Your task -> Return the data below unchanged, without images.

Raw data ->
-- Opening Marker --

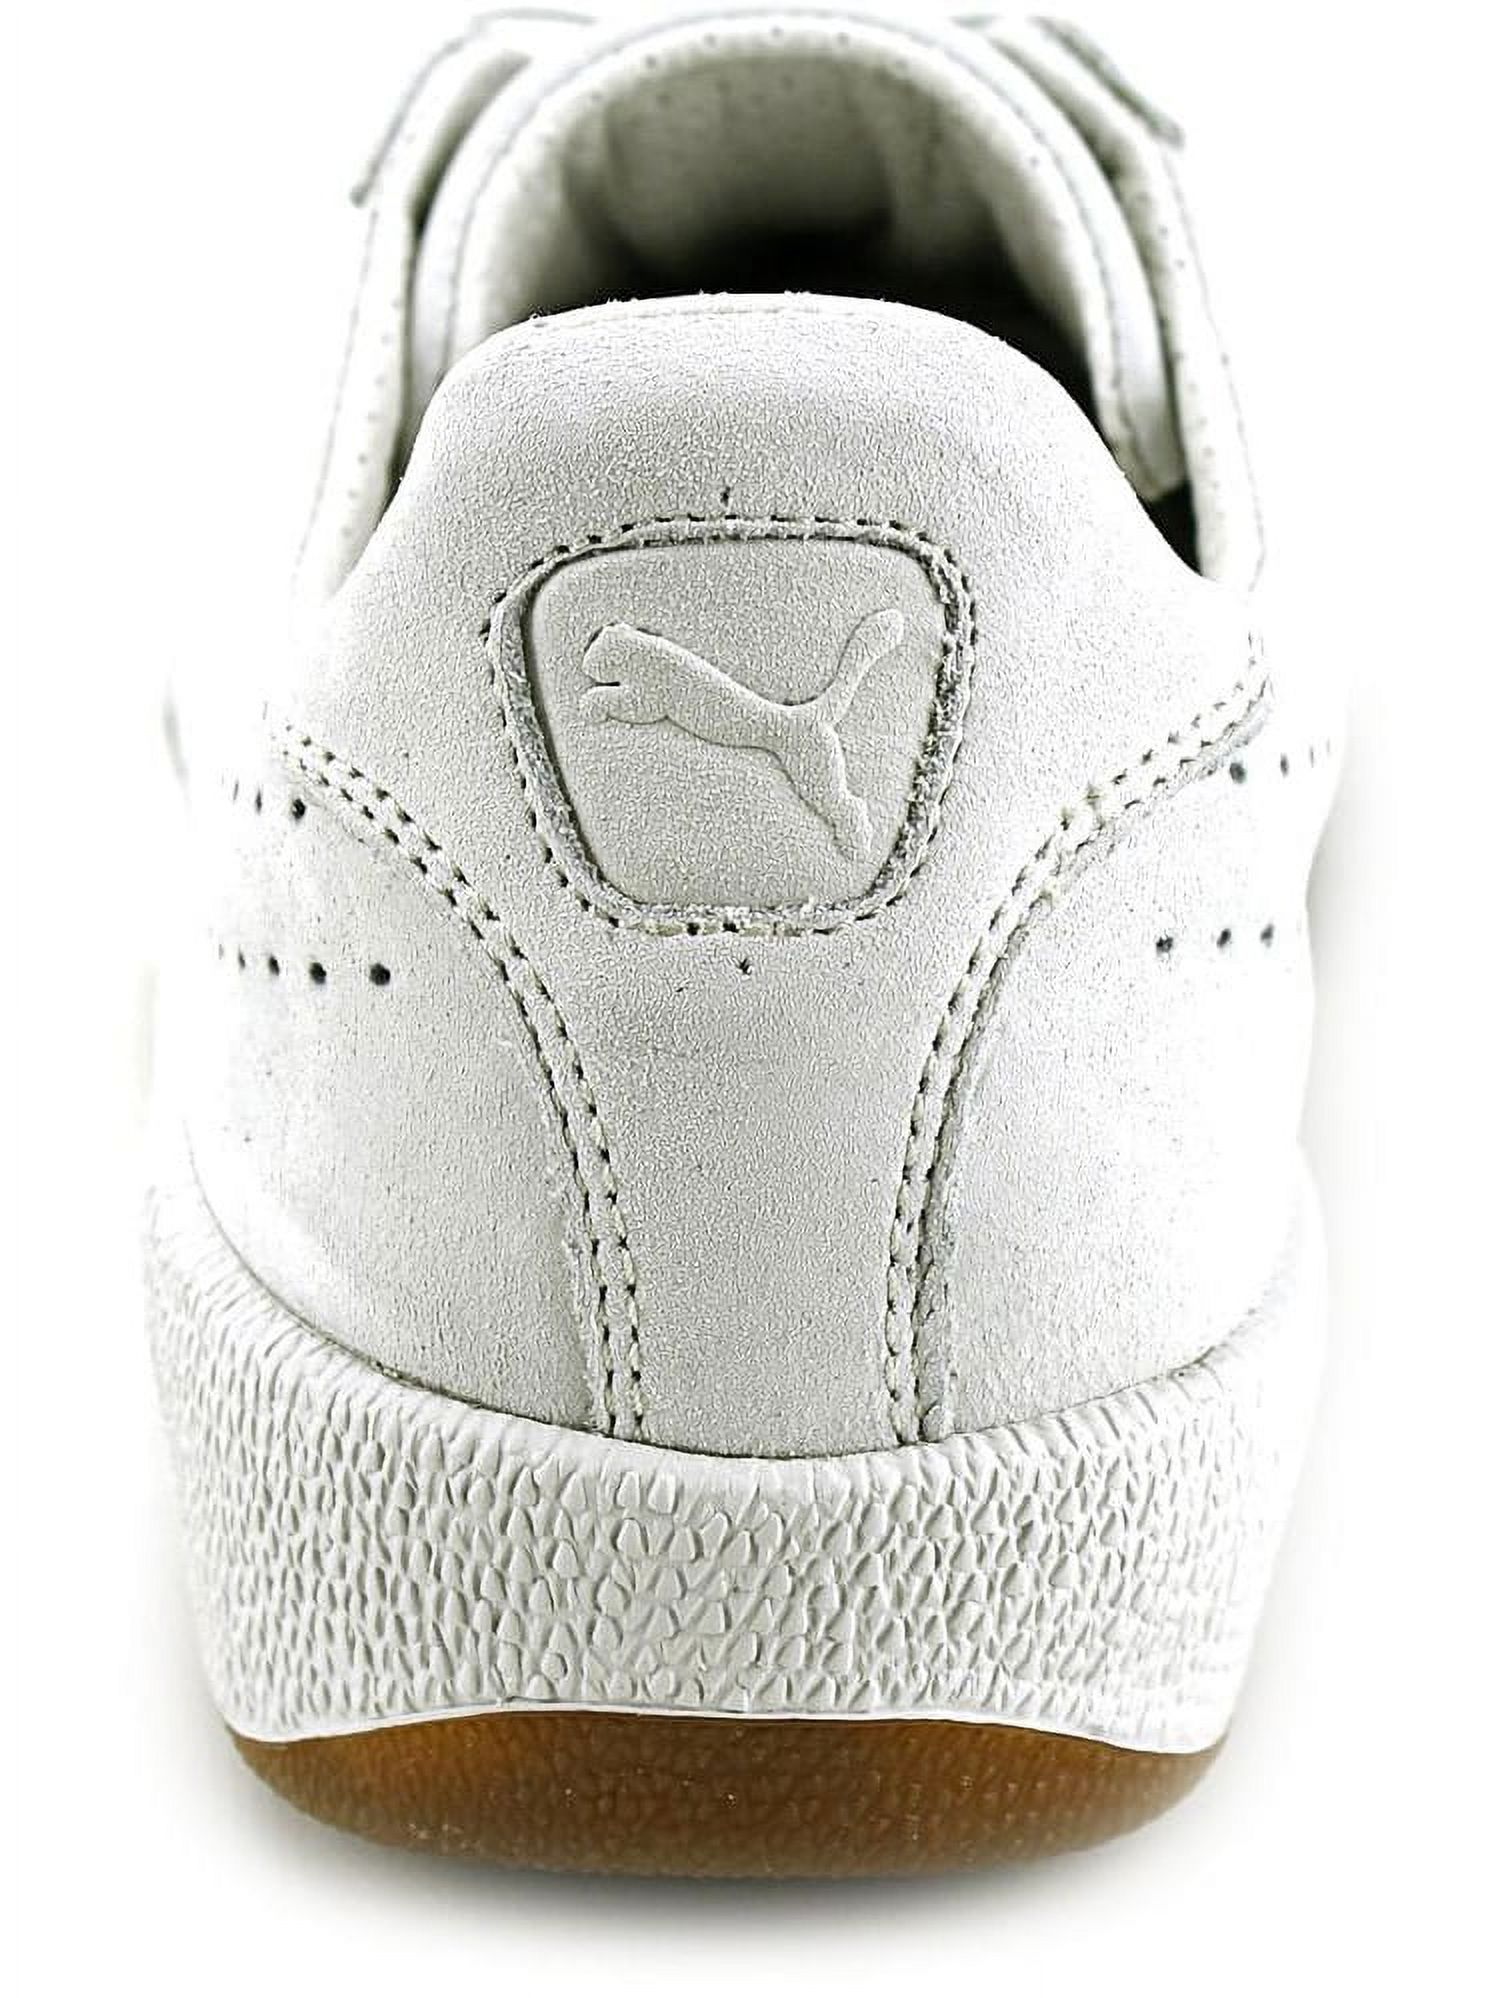 puma puma star mii men  round toe suede white sneakers - image 2 of 5
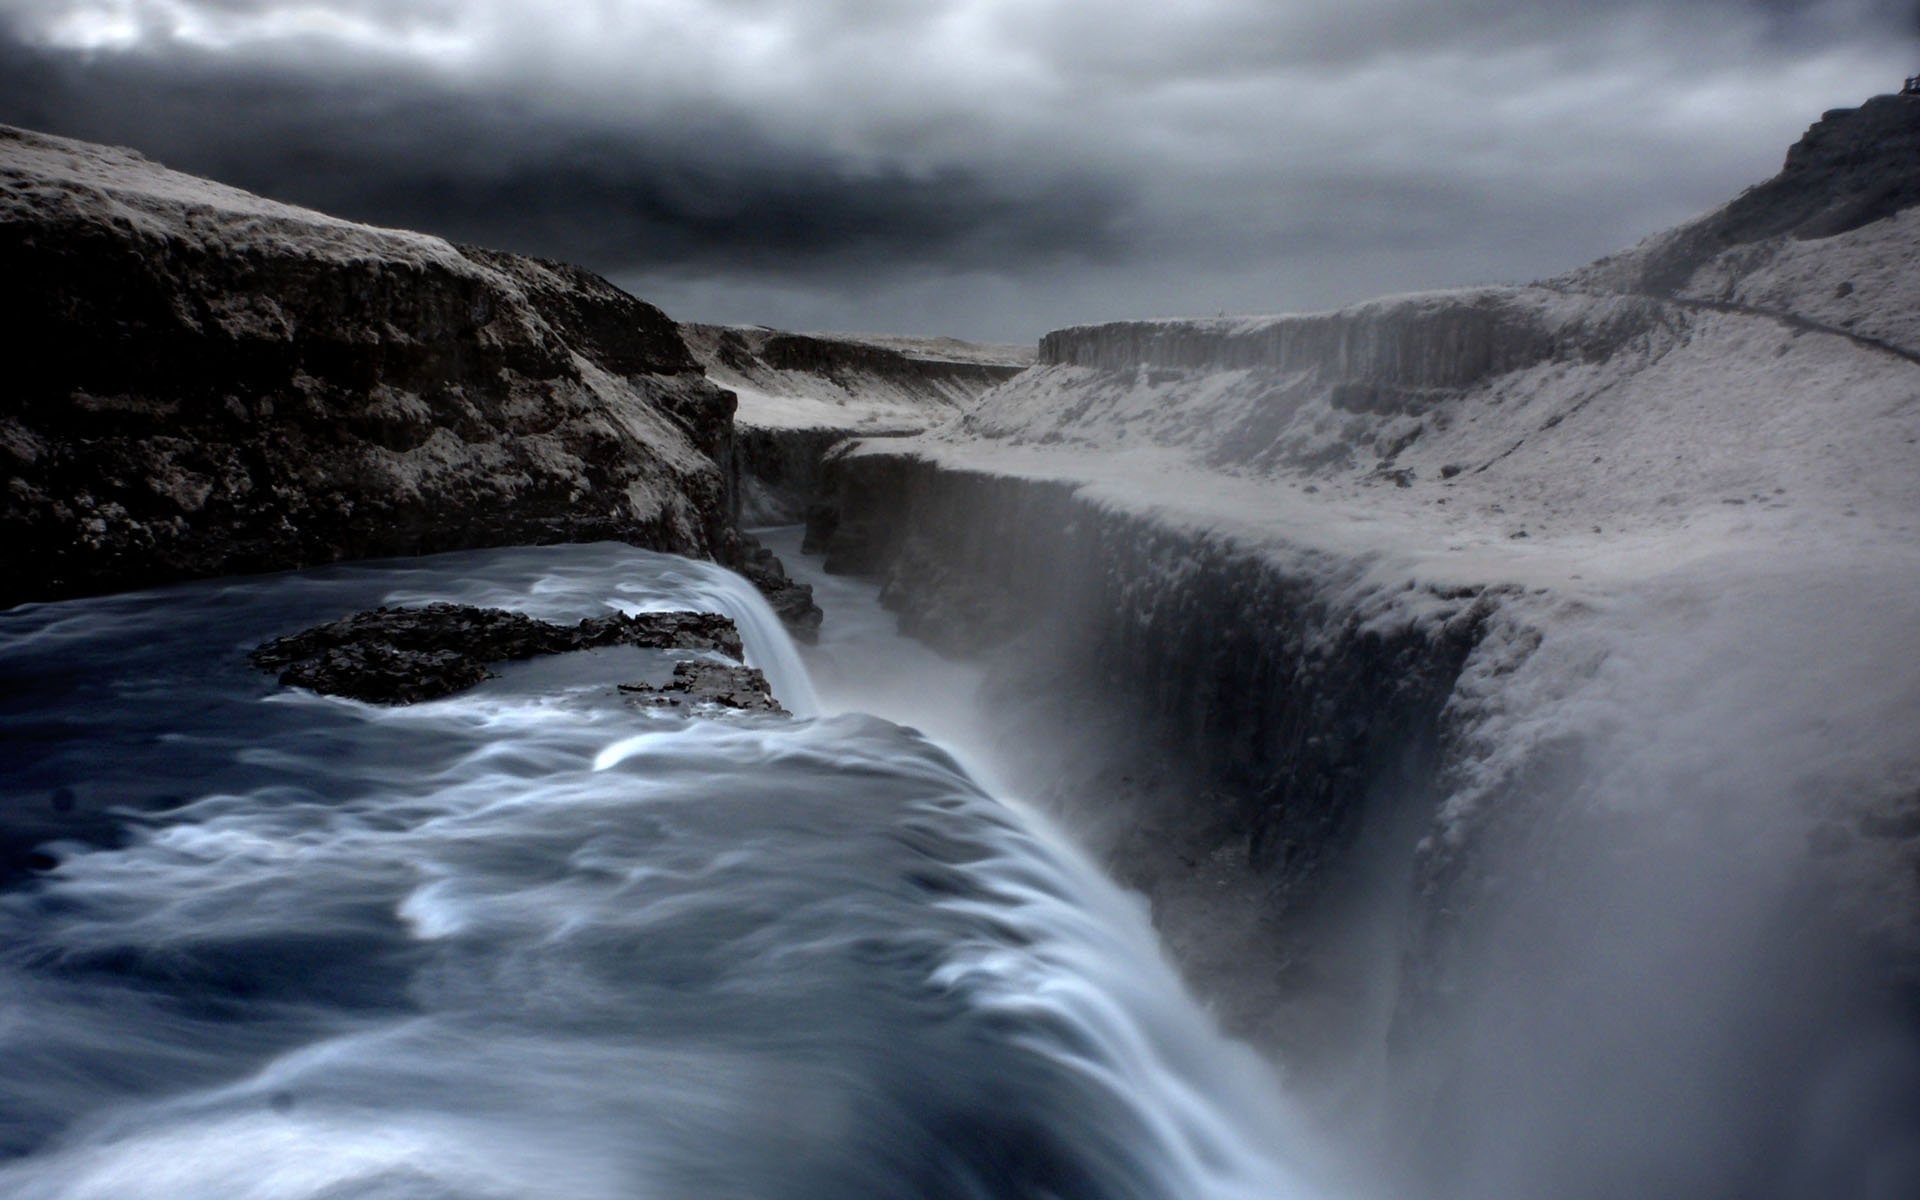 Gullfoss Waterfall, Iceland wallpaper, Free download, Desktop mobile tablet, 1920x1200 HD Desktop
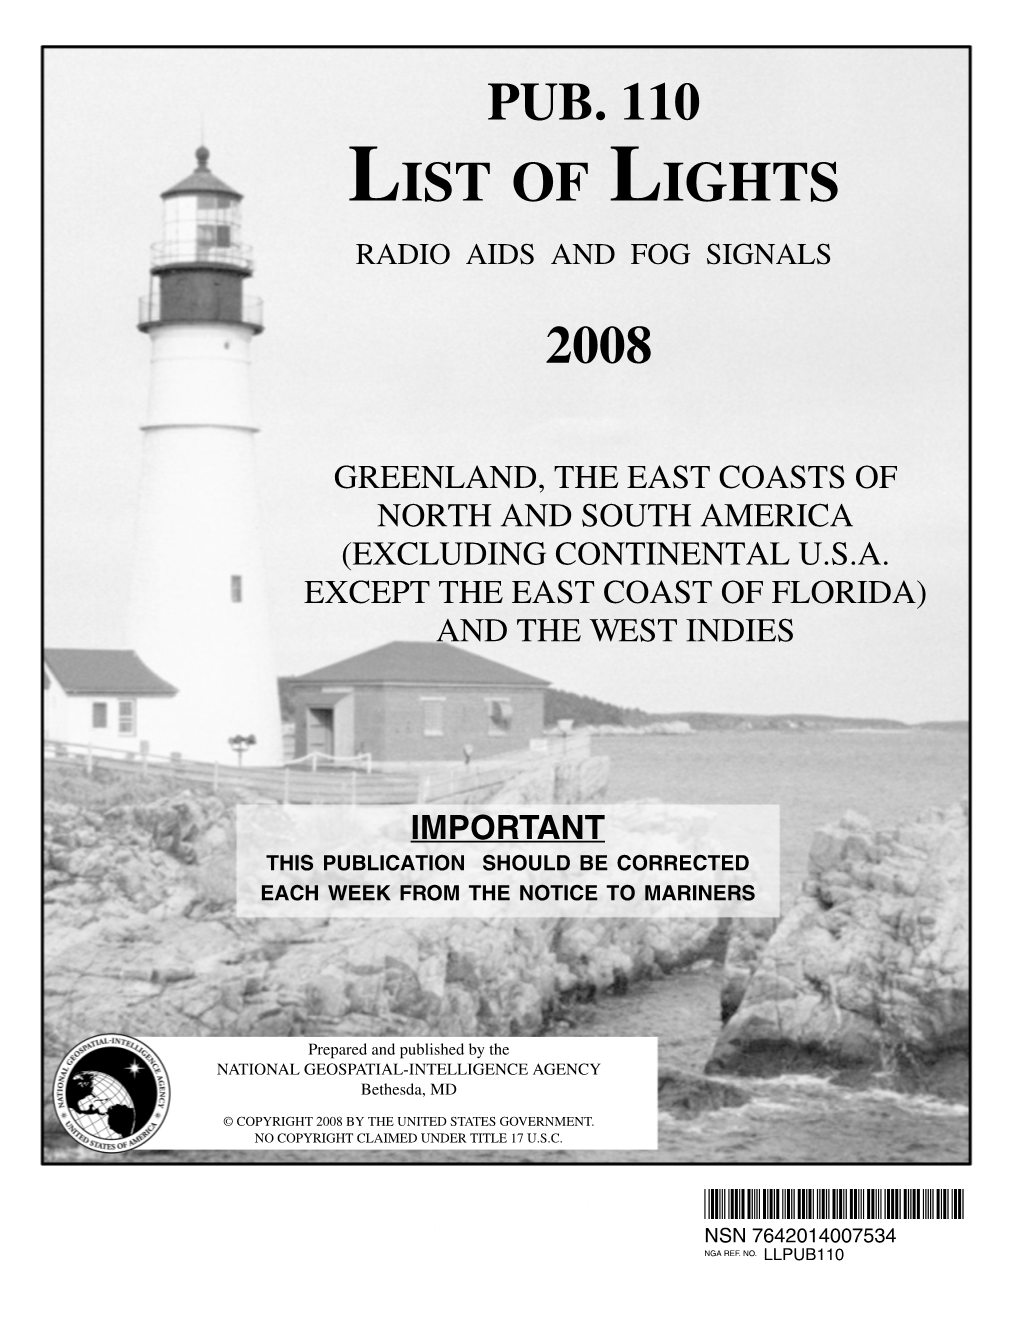 List of Lights Radio Aids and Fog Signals 2008

-- Closing Marker --

Result ->
 puma puma star mii men  round toe suede white sneakers - image 2 of 5
 Gullfoss Waterfall, Iceland wallpaper, Free download, Desktop mobile tablet, 1920x1200 HD Desktop
 List of Lights Radio Aids and Fog Signals 2008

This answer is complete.